Civil Engineering

Wrapping up: A Journey in Rebuilding Nepal

January 25, 2016 in Civil Engineering, Staff News

IMG_9647Juan Beltran, Civil Engineer – I am home now and flew in with the DU team. The rest of the group stayed about 5 more days to continue what we started– find more potential communities to build relationships and projects with. Our last two days were spent at a hotel at the edge of the Himalayas. Invictus always plans a day or two for the team to spend relaxing and reflecting on our accomplishments and experience overall. It is during this time that many of us evaluate our own lives and personal growth.

Since we were at the edge of the Himalayas, some of us took the opportunity to wake up early in the morning to watch the sunrise. The Rocky Mountains are amazing and extremely beautiful… but the Himalayas are just something else! So beautiful and breathtaking. Words and pictures do not do them justice.

On the last night, we had a fire pit with the DU team to recap the trip. Mike, Invictus founder and executive director, reminded us of all the relationships we built. The list was long! I went over all the projects we identified and accomplished during our time in Bhaktapur. Drew, the other leader and one of the Board Members of Invictus, concluded the discussion by addressing the upcoming and potential projects to finish in the final days and in the future, when we return to Nepal. After that, Mike, Drew, and I went around and spoke about each individual from the DU team, highlighting what we noticed about their personal growth and what they were able to learn and accomplish. We did this to show them, in full sincerity, what an honor it was to build a relationship with them as well.

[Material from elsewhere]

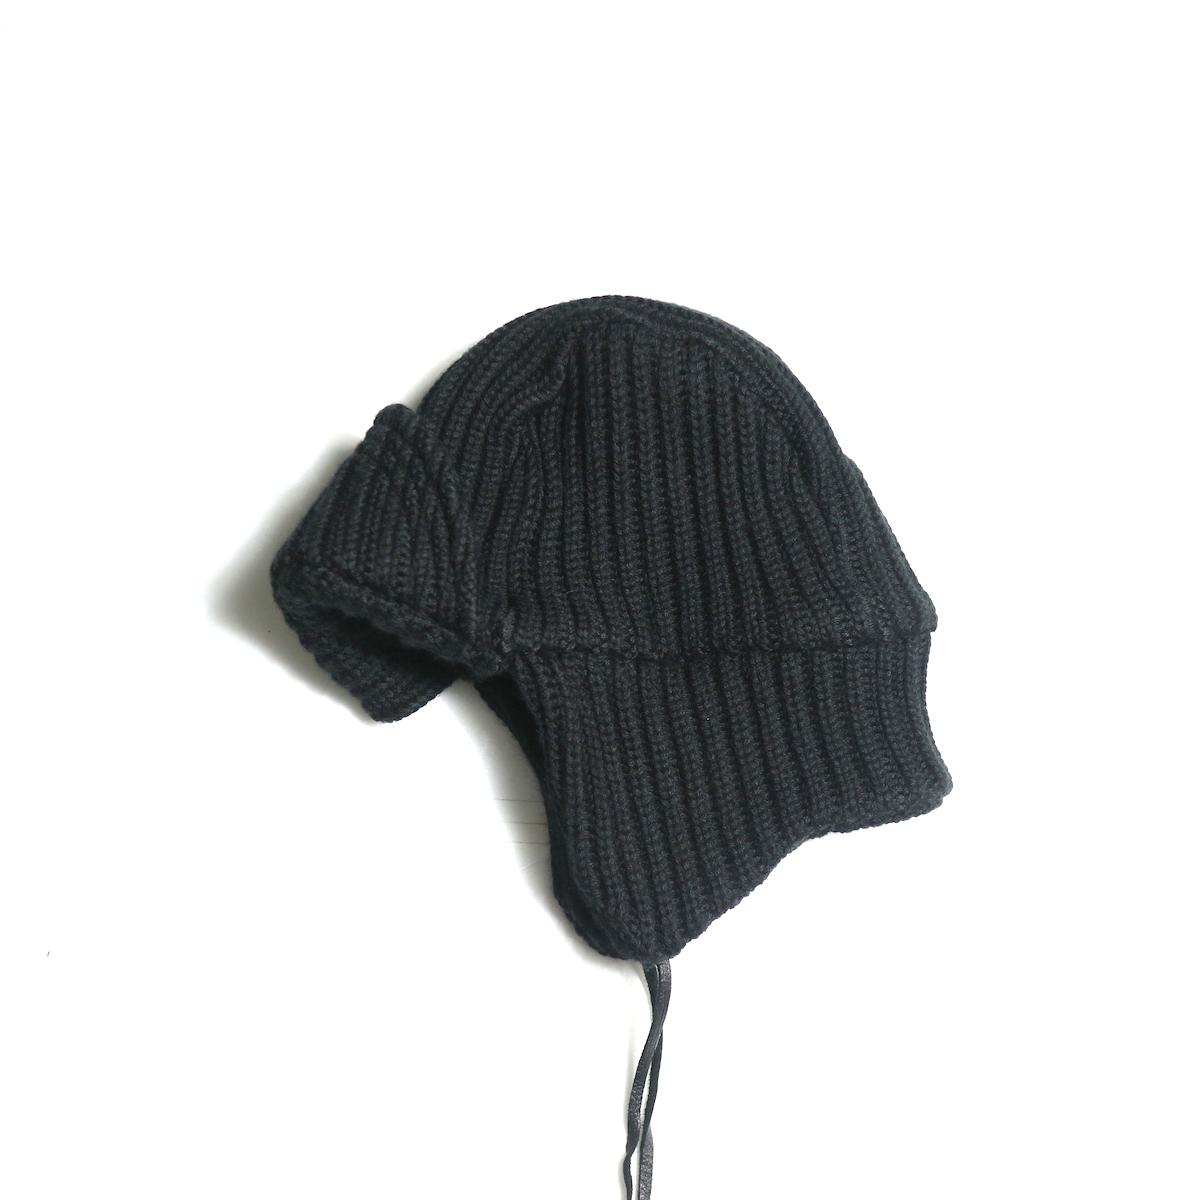 SOUTH2 WEST8 / Bomber Cap -W/A Knit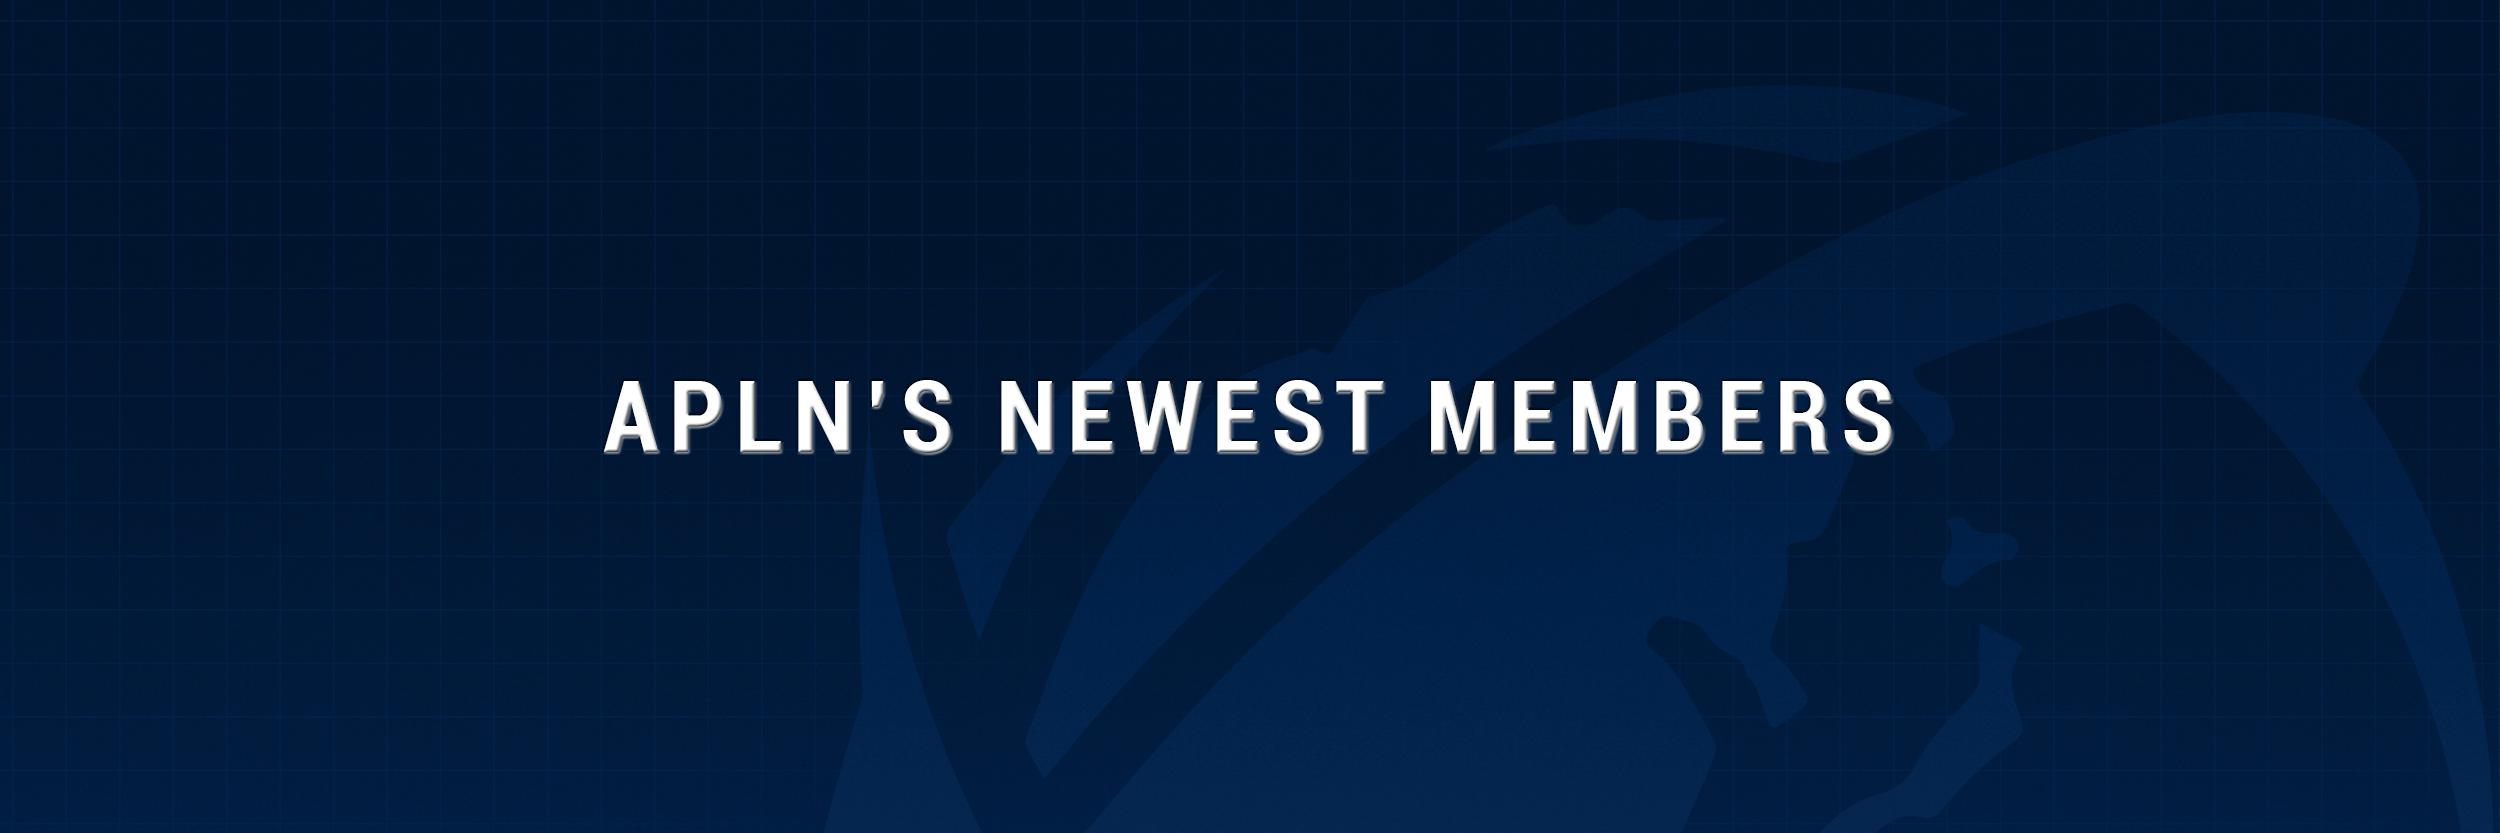 APLN Welcomes New Network Members

As is true for any trip like this, that I have been on at least, it always takes time to get adjusted back into a developed country. The change always reinforces my appreciation of the little things (hot showers, clean water, a warm home, bathrooms, cheeseburgers) but there’s also a sense of disconnect as we get swooped back into our normal lives. Other volunteers struggle a lot with this part of a trip. Many lives are changed by the experience and volunteers typically realize a new direction for their life.

For me, especially since my first trip with the program to Nicaragua in 2014, I realized that I wanted to become even more involved with The Invictus Initiative because of how well the model works and how the primary focus on any trip is building relationships, getting to know the culture, and getting to know the people that we will work with on these projects. Since my initial involvement with Invictus, I became the Vice President of Programs for Central and South America, where I continuously keep up communication with our friends in Nicaragua. We hope to return in June to complete a water well project and figure out other projects with the communities we plugged into during our initial time there.

However, I still take every opportunity to attend the Invictus trips when I can. The Nepal trip was one of a kind and I hope that I can share the stories we heard, the sights we saw, and what we experienced with anyone that is interested in hearing more. I hope that more students and professionals will dive into the Invictus model and embrace the chance to experience the joy, transformation, and friendship these trips create. To learn more about The Invictus Initiative and what we do, please visit our website at www.TheInvictus.org.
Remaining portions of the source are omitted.